Quantum field theory under the influence of external conditions

I have interests in statistical or quantum field theory under external conditions such as the curvature of spacetime or the boundary conditions imposed by materials such as perfect conductors. External conditions distort vacuum field fluctuations leading to a measurable effect called the Casimir effect. A new generation of highly precise Casimir experiments has turned this into an exciting field and forced theorists to develop elaborate mathematical techniques to carry out complex calculations. I have made some important contributions in this area. In 2006, I developed a novel multidimensional cut-off technique and obtained explicit Casimir formulas for Dirichlet and Neumann boundary conditions for geometries with arbitrary sides. Using the results of this work, I became the first to solve exactly the full 3+1 dimensional Dirichlet Casimir piston, a scenario introduced in 2004 but solved only in 2+1 dimensions. With my previous honors student Ilana MacDonald we showed explicitly that in the piston scenario non-renormalizable hypersurface terms cancel in any dimension.
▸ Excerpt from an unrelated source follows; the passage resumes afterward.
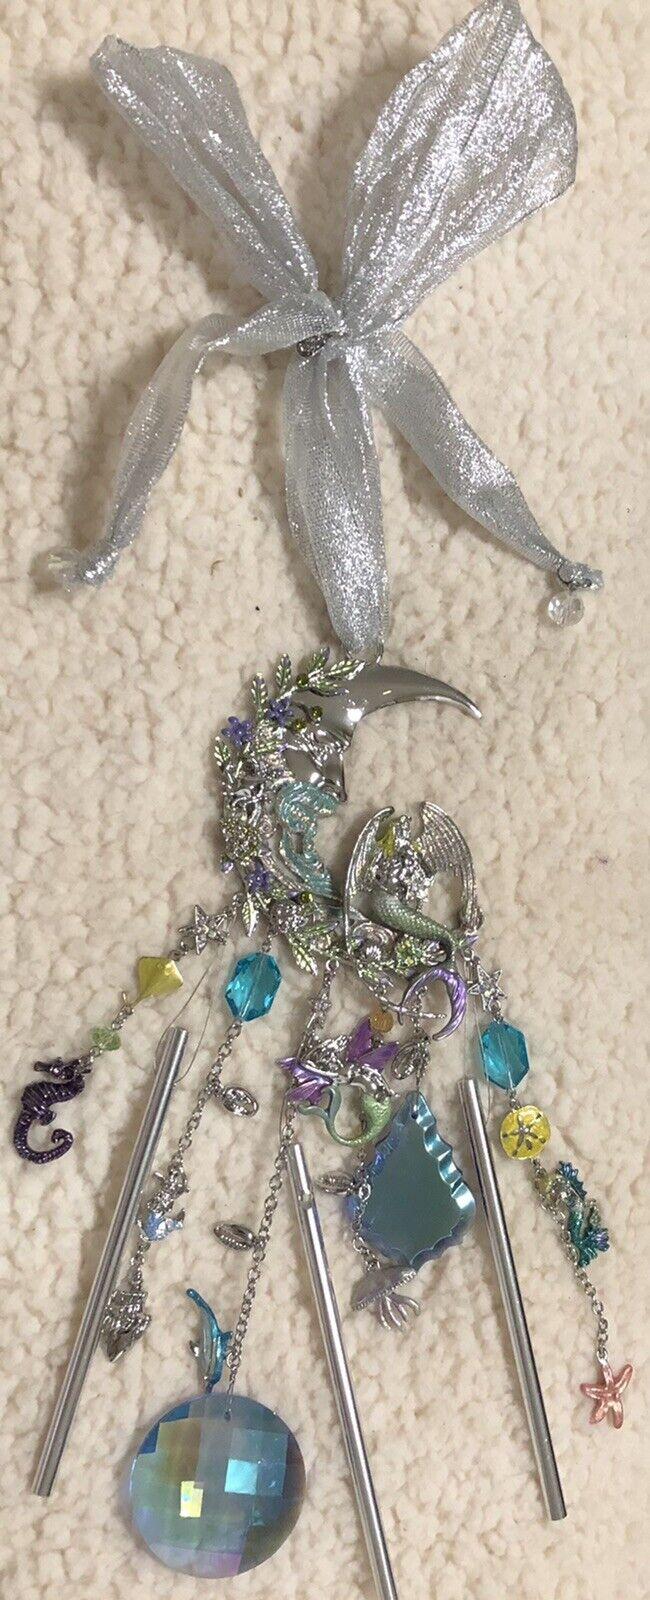 NIB Kirks Folly Mermaid Moon Crystal Wind Chime Enameled, Charms & Beads

Recently, with my collaborator, Valery Marachevsky of the Laboratoire Kastler Brossel, CNRS Paris, we recently published an important paper that shows that a perfect conductor will have continuum modes (be partly transparent) in a compactified M4 x S1 spacetime.

 

EXTERNAL RESEARCH GRANTS

2013 - 2018

NSERC

Five year NSERC Discovery Grant

A new dynamical approach to black hole thermodynamics.

2008 - 2013

NSERC

Five year NSERC Discovery Grant

Conformal anomaly in the gravitationally coupled magnetic monopole and vacua effects under external conditions.

2005 - 2008

NSERC

Three year NSERC Discovery grant

Massless Solitons via Gravitation: Kinks, Vortices, and Monopoles in Curved Spacetime.

INTERNAL RESEARCH GRANTS

2014 - 2015

Bishops

Bishop’s Senate Research Grant

The hierarchy problem, scale invariance and radiatively induced symmetry breaking.

2011 - 2012

Bishops

Bishop’s Senate Research Grant

The classical statistical mechanics of black hole entropy.

2008 - 2009

Bishops

Bishop’s Senate Research Grant

Entropy formation during gravitational collapse

2007

Bishops

Bishop’s Merit Bonus for excellence in research

2004 - 2005

Bishops

Bishop’s Senate Research Grant

Massless Kinks in an Evolving Spacetime.